With the floor strewn with hay turned slimy by fruit peel and other unnamed substance, this section of the market is reminiscent of Covent Garden – not as it is now with its naked aborigines and painted performers, but back in the My Fair Lady days. The fountain was designed circa the same period, by Lockwood Kipling – father of the inimitable Rudyard, who was born nearby at what is now the Dean’s residence at the JJ School of Art, in 1865 – and some of his bas reliefs adorn the exterior.
In later years, the foreign influence would be represented by products of diverse nationality. Alongside stalls vending standard Indian market produce, tubs filled with soaps of Chinese and Thai make sell for Rs10 onwards. Bottles of French shampoo jostle for space with tubes of Swiss face scrub, and shelves groan under the burden of Taiwanese Black Bean Sauce and Italian Extra Virgin Olive Oil.

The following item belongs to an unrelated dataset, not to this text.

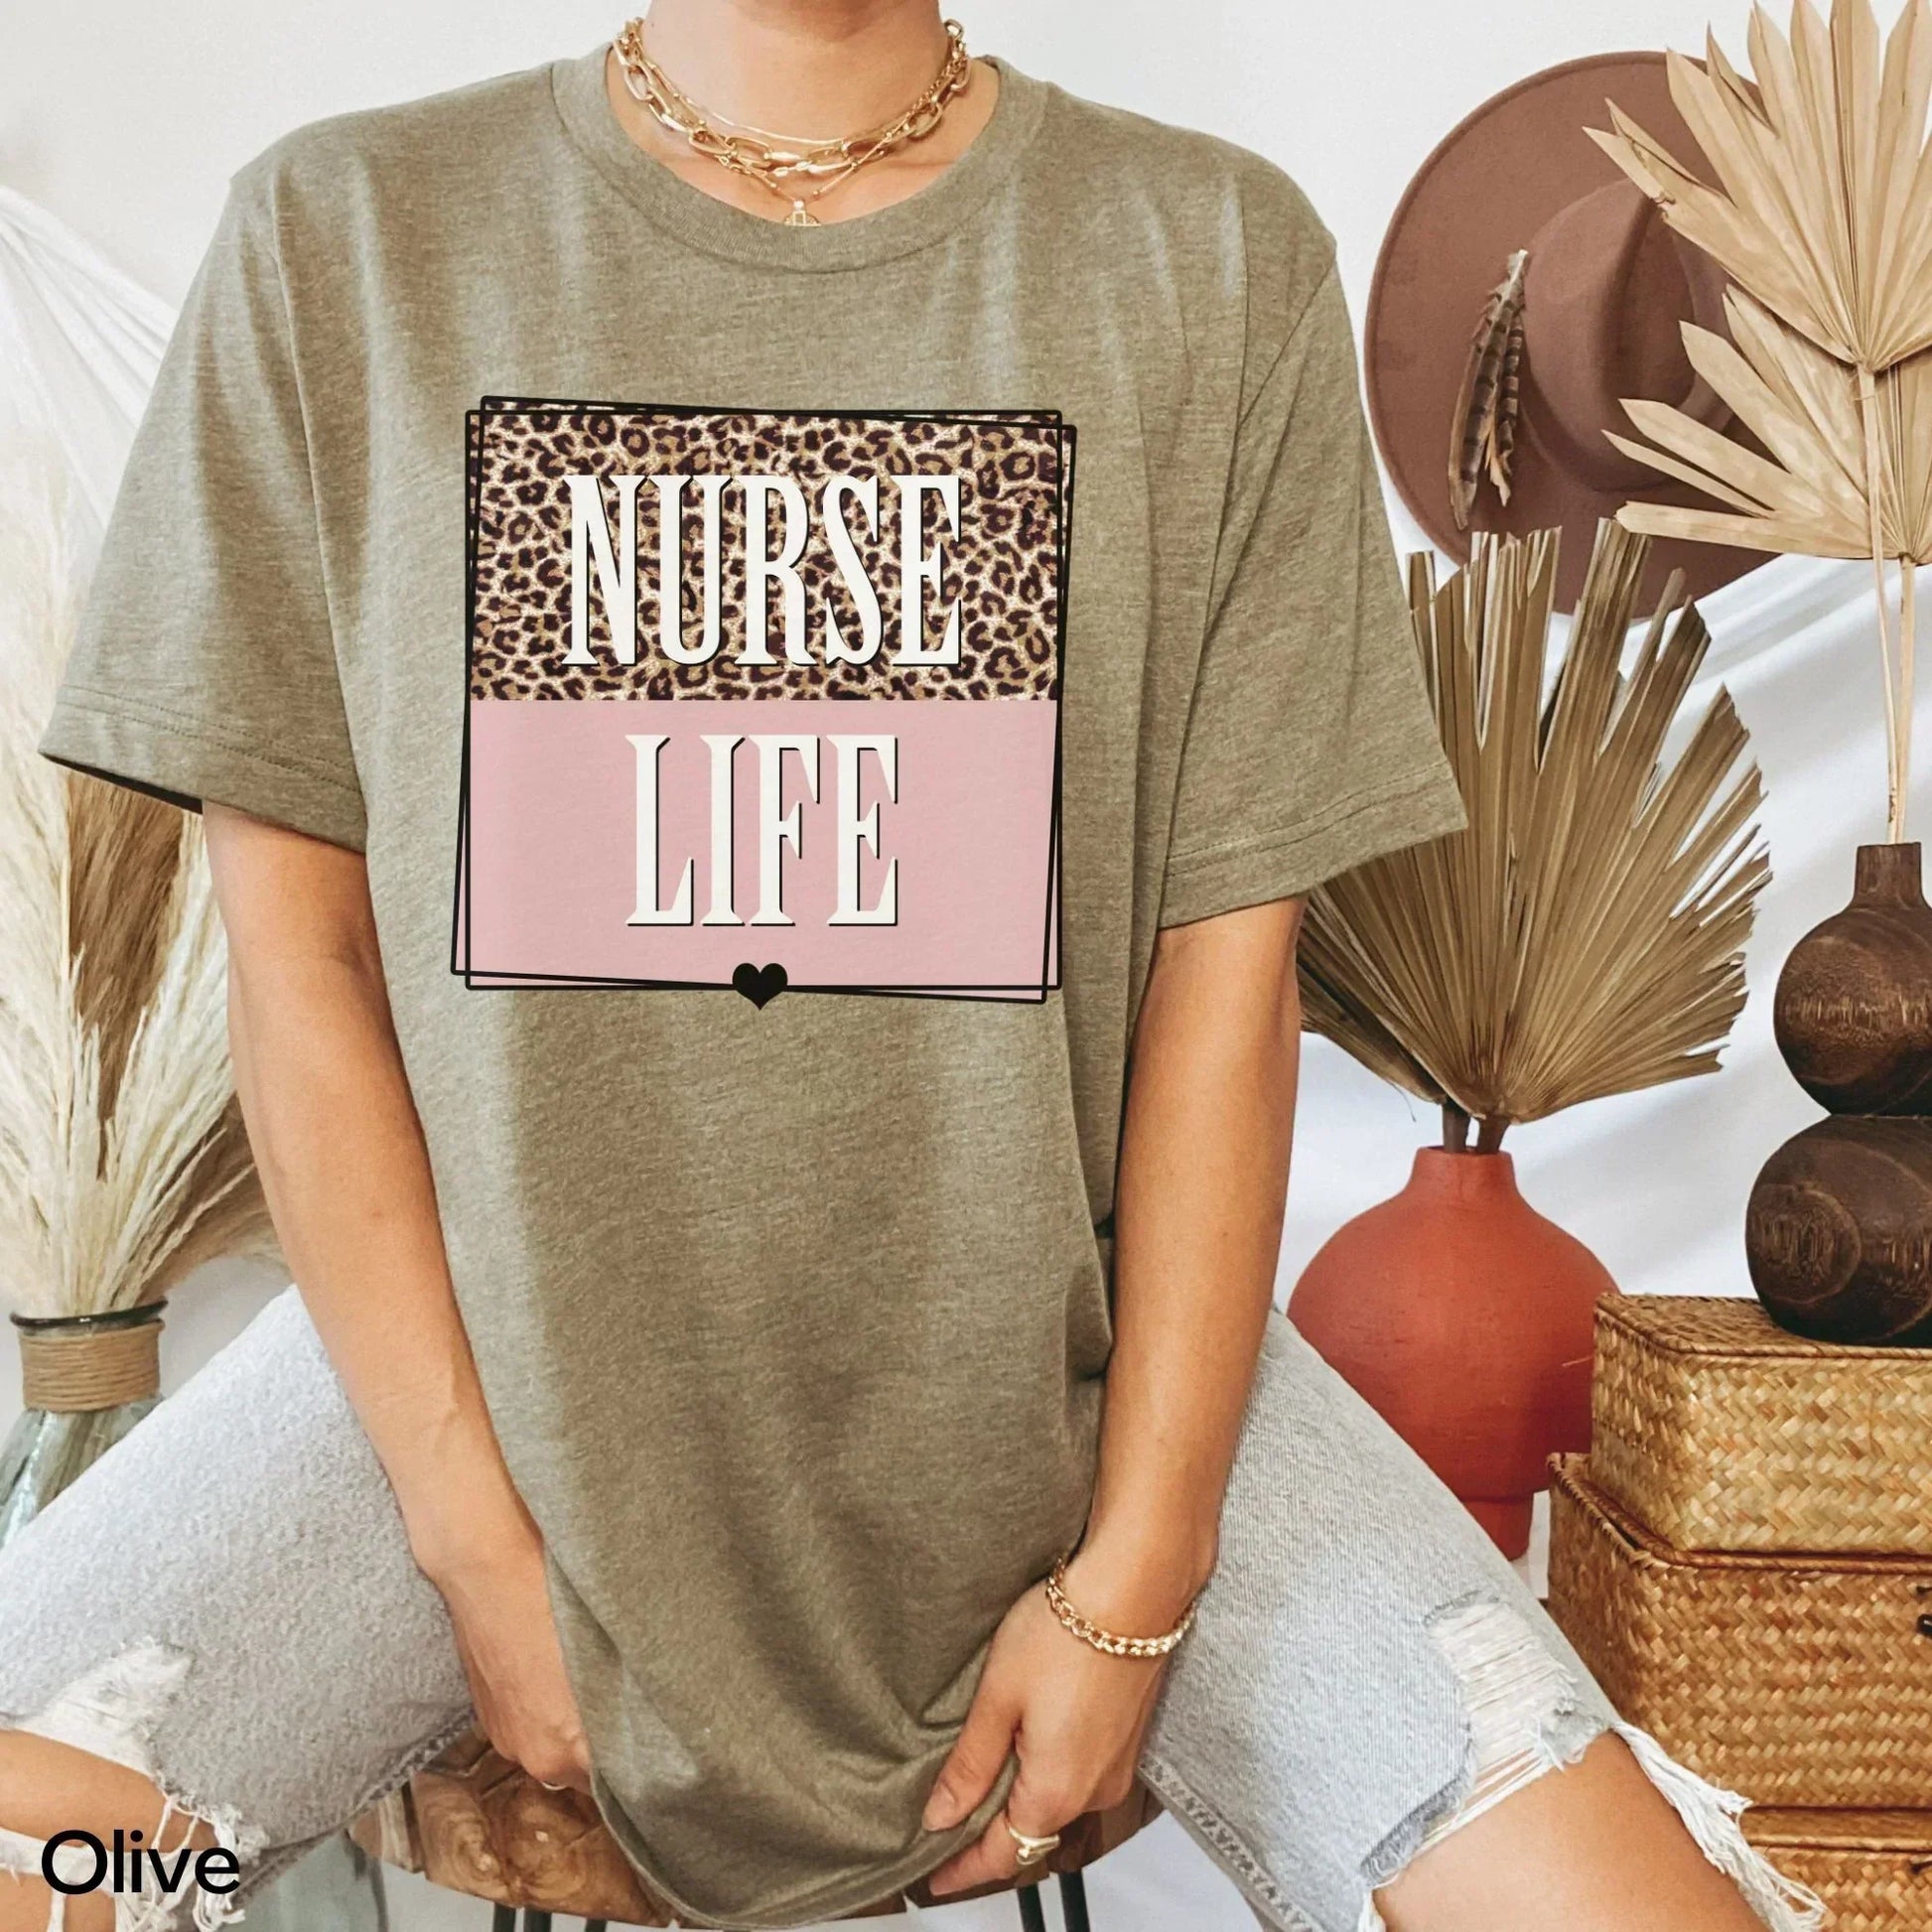 Registered Nurse Shirt, Nursing Student, Pediatric Nurse, ER Nurse Sweatshirt, Nurse Gift, Nurse Hoodie, Funny Nurse Shirt, Nurse Practitioner

A few days ago, I walked the slippery, narrow lanes leading into Crawford Market with my mother-in-law, soaking in the heady aromas of rotting flesh from the meat market and decaying dung from the caged animals – pet dogs, cats, rabbits, hamsters, goldfish and more – that lined the route. For me, Crawford Market had been a familiar haunt long before it was named Mahatma Phule Market; for her, it was the first time, and the most special treat I could think up for her brief visit to Mumbai.
As children, gawking the bustling metro on our annual visits, a high point would be the visit to the nearby Badshah Cold Drink house, where we would guzzle mango juice, marvelling its availability in December, and scrape every last bit of kulfi off the plate. Those were the days before ice-cream came to the hill resort near which we lived – and the parking lot outside Crawford Market could still manage a space or so for shoppers.
In later years, when I lived and worked nearby, Crawford Market was where I went to buy inexpensive return gifts and decorations for kiddy birthday parties; faux-silk Diwali saris for the bai; and fruit of the utmost variety and quality. Nowadays, I still undertake the four-hour drive from Pune every few months to stock up on essentials, and revel in the distinctive population of the place: the canny vendors; the throng of memsaabs in their tight t-shirts and clip-clopping stiletto heels, haughtily pointing to that, that and that, at first one shop and then another, followed at a respectful distance by a coolie balancing a wide, shallow strip-bamboo basket on the head; and, of course, the coolies who come in a wide permutation of size, nutritional intake, regional mix, and gender.
Where else but at Crawford Market could I buy the half-kilo of active dry yeast and the litre of vanilla essence which ensure that home-made bread and cake are economically viable? And where else could I buy several months supply of paper napkins, toilet paper, aluminium foil, garbage bags and more at one shot without destabilizing my budget?
Proudly showing my mum-in-law around my favourite shopping complex, it irritated me that she was initially unimpressed, but gratified as she struck good bargains on aam papad, jelly, and pasta.
The pasta at Crawford Market comes in every shape and size of traditional pasta, some in brilliant, unorthodox colours. It’s sold in sackfuls, like any other grocery product, labelled ‘Italian pasta’, and one of the stall keepers offered us a packet of ‘pasta masala’ to go with it. Intrigued, I asked what it contained but the boy was vague. Masala, he repeated: “salt, garam masala … it’s masala for Italian Pasta.” I politely declined.
Sated, fully-laden coolie in tow, we headed for the exit and my mother-in-law, with the practice born of long years of pure-vegetarianism in this barbaric non-veg world, gently steered us out by a less aromatic route.